CS520 Knowledge Graphs
What
should AI
Know ?
 

What are some Graph Data Models?


1. Introduction

Two popular graph data models are Resource Description Framework (RDF), and the property graph (PG) model. The query language for RDF is SPARQL, and the query language for the property graph model is Cypher. In this chapter, we present an informal overview of both of these data models and give example queries for them. This chapter introduces the two models without giving a comprehensive technical overview. We consider translation of data represented using one of the models to data represented in the other, and also compare these graph data models to using a conventional relational data model.

2. Resource Description Framework

RDF is a framework for representing information on the web. The RDF data model and its query language SPARQL have been standardized by the World Wide Web Consortium.

2.1 RDF Data Model

An RDF triple, the basic unit of representation in this model, consists of a subject, a predicate, and an object. A set of such triples is called an RDF graph. We can visualize an RDF triple as a node and a directed edge diagram in which each triple is represented as a node-edge-node graph as shown below.

An RDF graph with two nodes (Subject and Object) and a triple connecting them (Predicate)
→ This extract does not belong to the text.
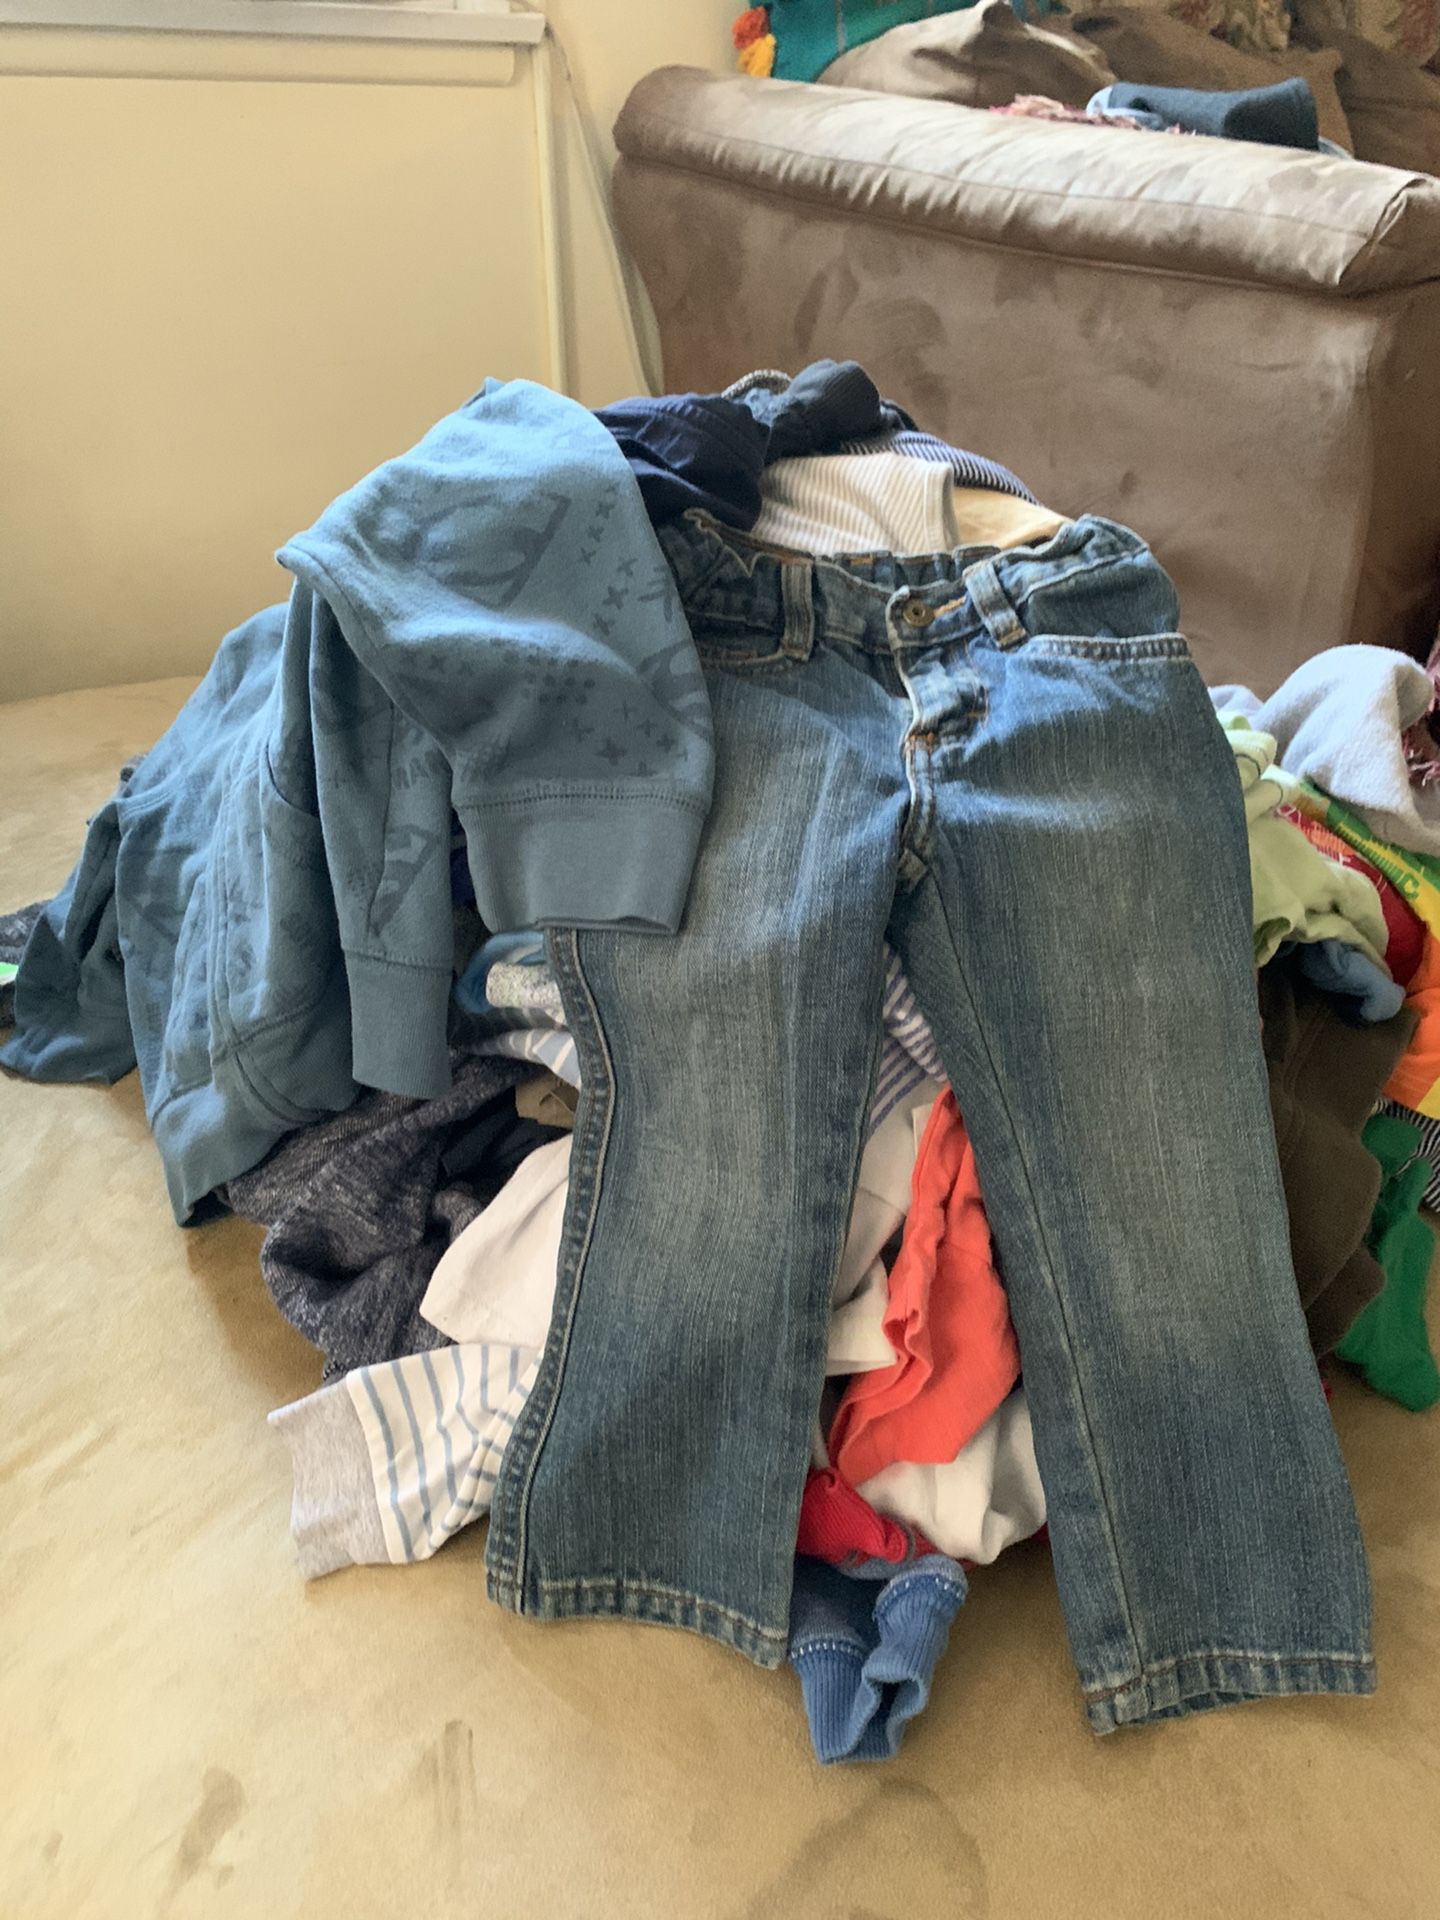 Baby Boy Clothes 18 months to 24 months FREE Clothes

There can be three kinds of nodes: IRIs, literals, and blank nodes. An IRI is an Internationalized Resource Identifier used to uniquely identify resources on the web. A literal is a value of a certain data type, for example, string, integer, etc. A blank node is a node that does not have an identifier, and is similar to an anonmyous or an existential variable.

As an example illustration of the information expressed using RDF, let us take the example of representing knows relationship between people. In this example, a person with name art is denoted by the IRI http://example.org/art. In the notation used below the IRIs can be abbreviated by defining a prefix. For example, we have defined foaf as a prefix for <http://xmlns.com/foaf/0.1/>. The relation knows is defined by the IRI http://xmlns.com/foaf/0.1/knows

@prefix foaf: <http://xmlns.com/foaf/0.1/>
@prefix ex: <http://example.org/>
ex:art foaf:knows ex:bob
ex:art foaf:knows ex:bea
ex:bob foaf:knows ex:cal
ex:bob foaf:knows ex:cam
ex:bea foaf:knows ex:coe
ex:bea foaf:knows ex:cory
ex:bea foaf:age 23
ex:bea foaf:based_near _:o1

The last two triples illustrate a literal node and a blank node. The value of foaf:age is the integer 23 which is an example of a literal. A string is another common literal data type. The value of foaf:based_near is an anonymous spatial thing which is indicated by an underscore as a node identifier. Here o1 is an internal data identifier which has no significance outside the context of the present graph.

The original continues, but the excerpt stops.